In the same development, the newspaper also mentions the words of former deputy Fares Souhaid. He mobilizes them to show that the Christian unease with the current Lebanese formula would exceed the immediate calculations of the parties. According to the reading reported by Al Akhbar, some of the Christian opinion would have long accepted Greater Lebanon on the condition that it remains, in fact, in the service of a small Christian Lebanon, with a French guarantee originally. This evocation allows the newspaper to give historical and sociological depth to the controversy.
Christian Unease and its Political Answers
The most important point in this reference is the recognition of malaise. Al Akhbar does not deny that Christian fears exist. He challenged the answer to translate them into territorial withdrawal or nostalgia for a more homogeneous space. The newspaper also reports that the guarantee of Christians lies in their partnership with Muslims, not in the abandonment of the common formula. This joint is central. It allows the newspaper to oppose two responses to fear: the implicit separation or the revival of the national pact.
The government dimension, however, makes the case more delicate than the usual ideological debates. The Minister of Foreign Affairs is not only a Christian actor. He leads the outer word of Lebanon. Its positions are scrutinized by chanceries, international organizations, Arab States, Western powers and regional actors. A sentence on small Lebanon, if assumed, could be read as a trouble in the official Lebanese message. It could also feed internal accusations about the use of diplomacy to carry a community vision.
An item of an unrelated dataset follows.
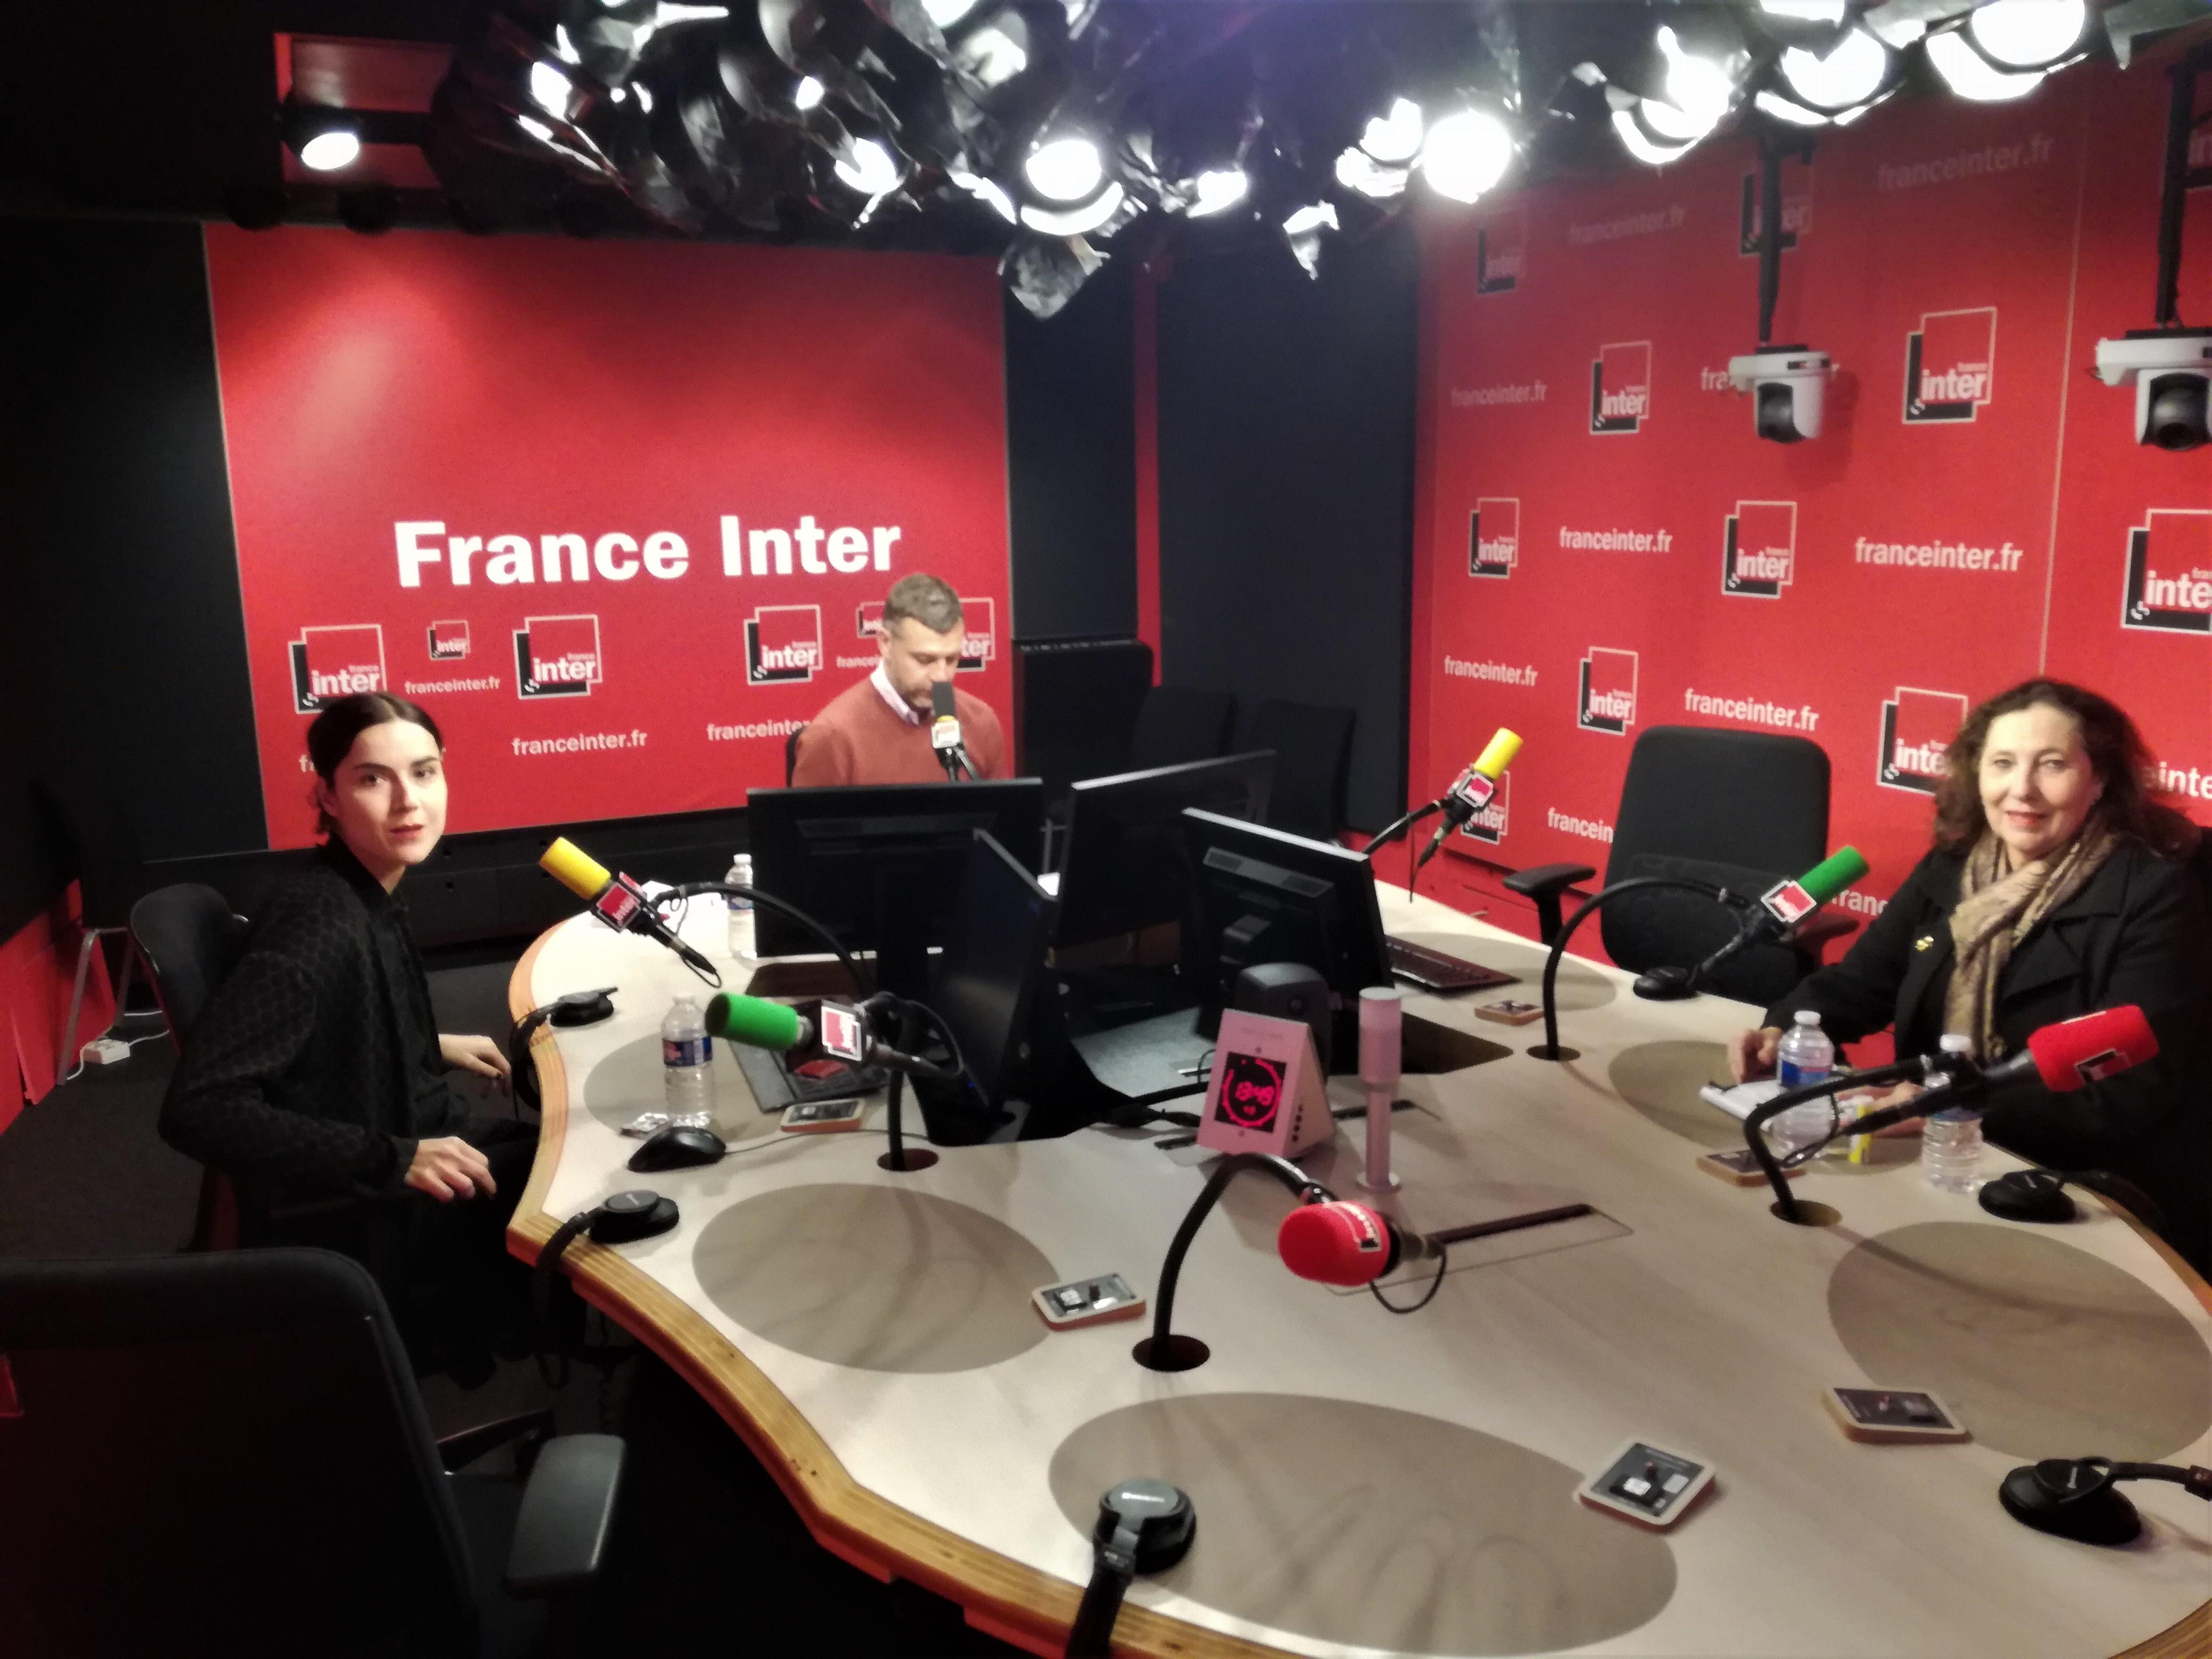 Annie Magnan, Cécile Ladjali et Mathieu Vidard (animateur de l'émission 'La tête au carré') dans le studio 511 de la Maison de la radio.

A clarification still awaited
Caution therefore remains essential. At this stage, Raji’s response does not appear in the document consulted. No official Foreign Affairs clarification is attached to the text. No Vatican statement is cited to confirm or invalidate the content of the exchange. The article by Al Akhbar opens a case. He’s not closing it. The next step will depend on a possible reaction from the minister, government, Lebanese Forces or ecclesial circles. Silence could allow the interpretation of everyday life to flourish. A denial would move the debate towards the reliability of sources and the battle of narratives.
The polemic finally reveals the fragility of Lebanese political language in times of war. Words that could be presented as historical or theoretical become immediately markers of national loyalty. Small Lebanon, in this context, does not only refer to a discussion of historians. It became a question of sovereignty, coexistence and diplomatic representation. The debate is all the more sensitive as the country simultaneously seeks to preserve its territory, manage the consequences of the war and maintain an institutional front in front of its foreign partners.
In essence, the Raji case raises a broader question than the sentence reported by Al Akhbar. It questions the ability of Lebanese officials to talk about community fear without reopening the door to small maps, implicit protectorates or separation solutions. It also questions the ability of the press to reveal sensitive statements without confusing information, political qualification and condemnation. Between the allegation, the possible denial and the partisan exploitation, the file remains suspended from a public clarification which, on Tuesday 19 May, does not yet appear in the material consulted.